L = [3, 1, 2]        # Input List
P = [0.3, 0.2, 0.5]  # Probability List
k = 2                # 2 columns per row
n = 6                # 6 rows in 2D array

nL = np.array(L)

generated_list = np.zeros(shape=(1, k), dtype=int)
while generated_list.shape[0] != n:
    choice = np.random.choice(L, size=k, p=P)
    if not np.any(generated_list == [choice]):
        generated_list = np.append(generated_list, [choice], axis=0)

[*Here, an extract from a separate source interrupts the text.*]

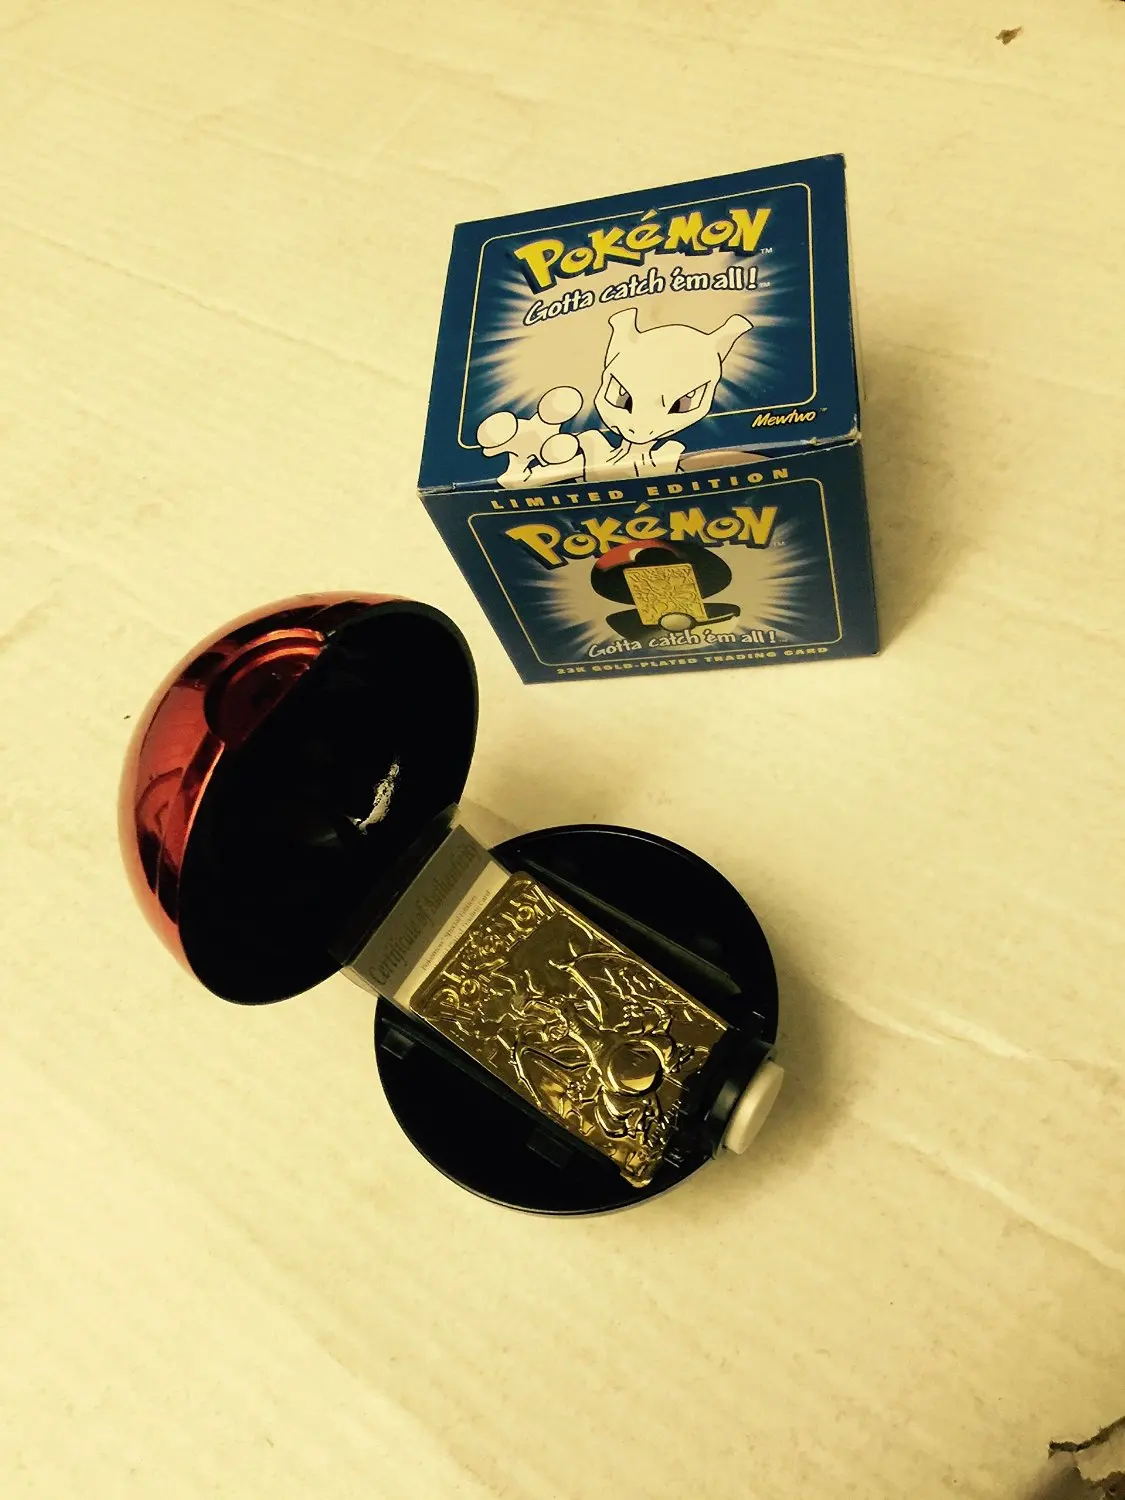 23k gold plated pokemon cards worth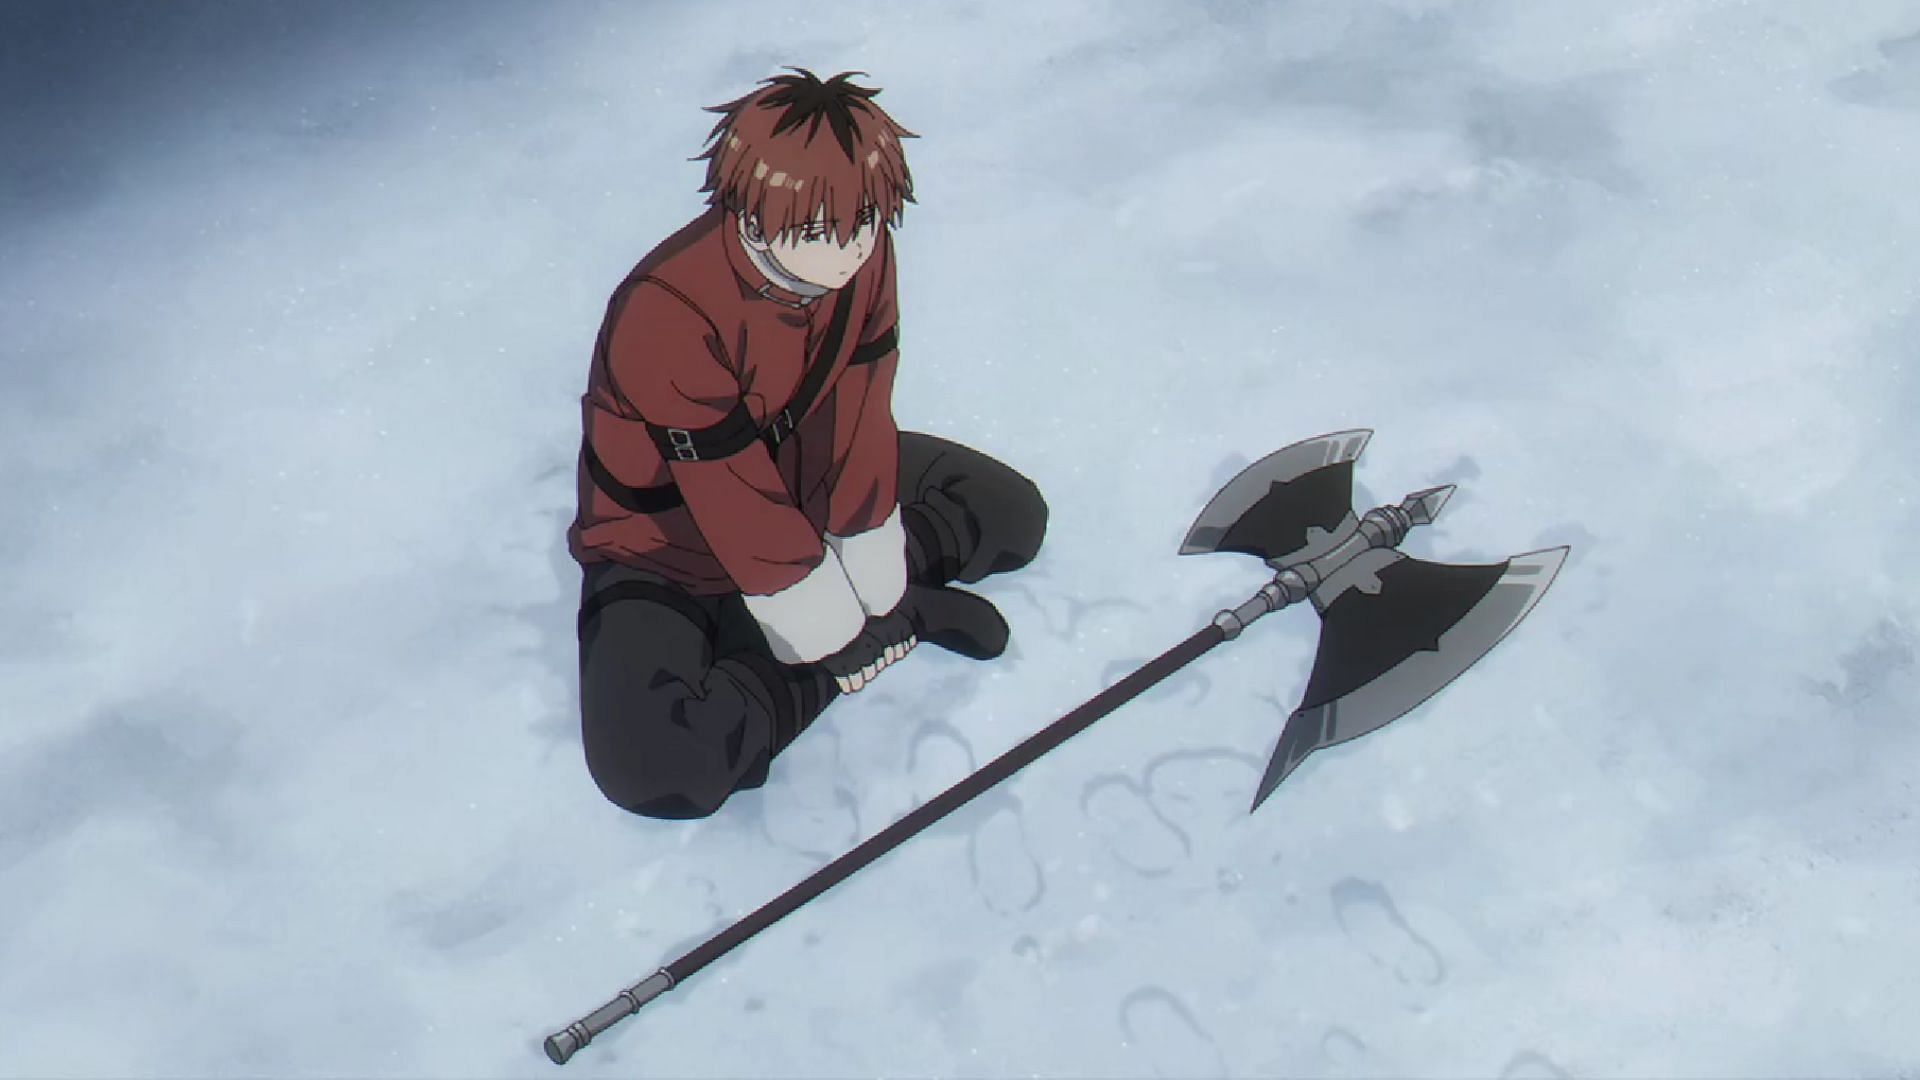 Stark after defeating the ruler as shown in the anime (Image via Studio MADHOUSE)

I can't seem to have an ordered list based on probability.
It also contains duplicate elements.

Sample generated_list output:

[[0, 0],[3, 1],[2, 3],[1, 2],[2, 3],[2, 3]]

What's the best way to do this:
1. Compare if a 1-D element is already in 2-D array
2. Have the random choice return first the highest probability combination

Answer 1

This should do it, with a little help of itertools.product:

from itertools import product

L = [1, 2, 3]
P = [0.3, 0.2, 0.5]

n = 2
k = 6

probs = dict(zip(L, P))

result = sorted(list(product(L, repeat=n)), key=lambda x: (sum(probs[i] for i in x), [probs[i] for i in x]), reverse=True)[:k]

Answer 2

You can use sorted:

l = [[0, 0],[3, 1],[2, 3],[1, 2],[2, 3],[2, 3]]
p = [0.1, 0.2, 0.2, 0.5]
sorted(l, key= lambda x: sum(p[v] for v in x))

returns:

[[3, 1], [2, 3], [2, 3], [2, 3], [1, 2], [0, 0]]

(I assumed that you had 4 different probabilities as your generated_list has indexes 0 to 3)